Democrats might appeal to these undecided, cross-pressured voters by focusing their campaign not on Mr Trump, immigration or the politics of race, but on economics. Some candidates are already taking this path. Elizabeth Warren, a senator for Massachusetts, has focused her campaign on economic inequality and taxes for the super-rich, for example, and released a “Plan for Economic Patriotism” that promises to deliver “faster growth, stronger American industry, and more good American jobs”. Such messaging could appeal to the voters who were attracted to Mr Trump’s “America First” economic nationalism last time around. Democrats have also focused on health-care reform in their 2020 campaigns so far, a key priority for anti-immigration, pro-economic intervention voters.

Any candidate’s success will come from their ability to woo these cross-pressured voters to their side. According to Catalist, a left-leaning political data firm, Democrats did just this in 2018. Their analysis of turnout and vote choice revealed that at least 89% of Democratic gains between 2016 and last year’s mid-term elections was due to Republican voters switching sides.

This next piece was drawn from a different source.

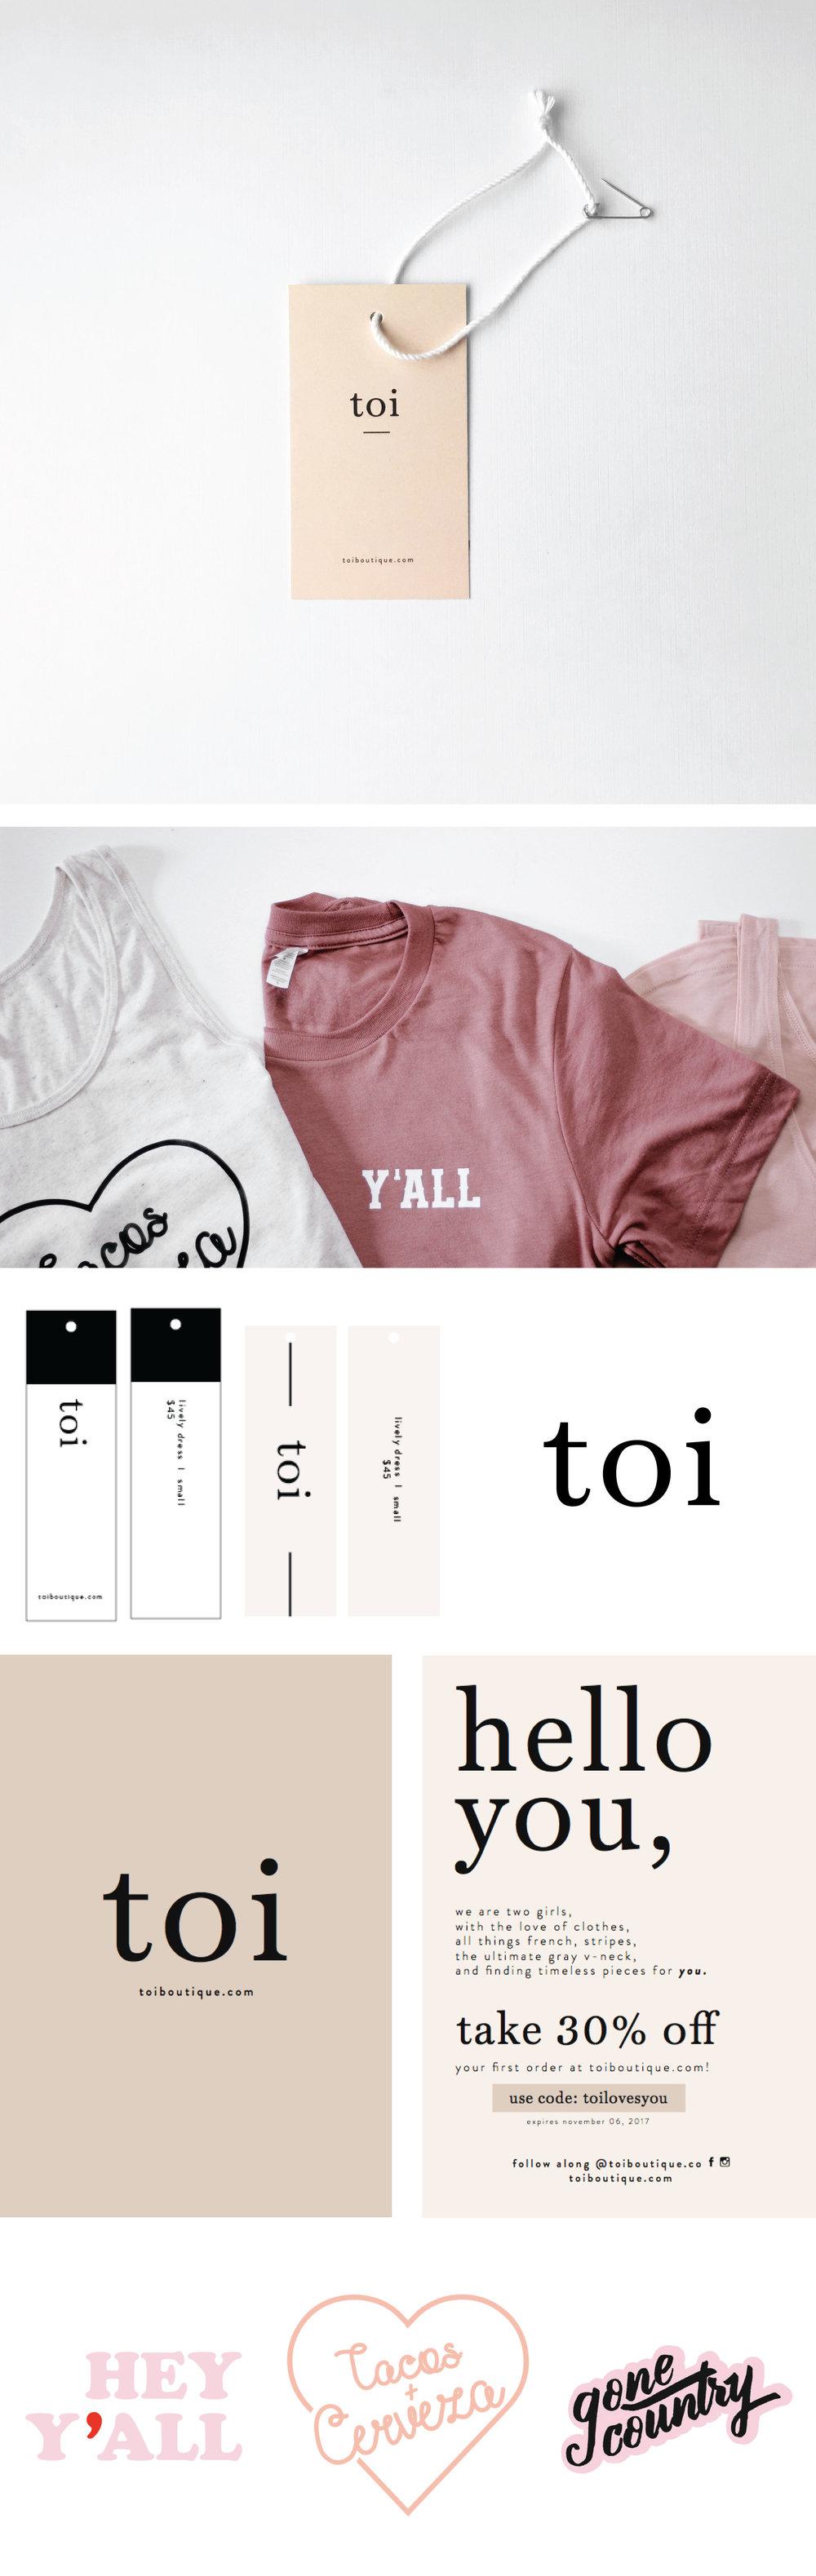 TOI-brand.jpg

Still, voters might not replicate their 2018 behaviour. For one thing, mid-term cycles are famous for their violent swings against the party in power, and are scarcely predictive of a party’s performance in the following presidential election. For another, in America’s hyper-partisan environment, the Democratic Party’s eventual presidential nominee is likely to become less popular as election day nears and more people—especially Republicans—hear about them. This would make them less comparable to the down-ballot Democratic candidates that won big in the mid-terms, and more susceptible to partisan divides in the national electorate.

It is not yet clear what the battle lines will be this time around. Pundits basing their predictions for the 2020 election on voting patterns from 2016 could run into trouble if the past does not predict the future. Others reading too much into the 2018 contest could suffer from learning lessons that do not translate to presidential cycles. Prognosticators should only bet the farm on data from the current race.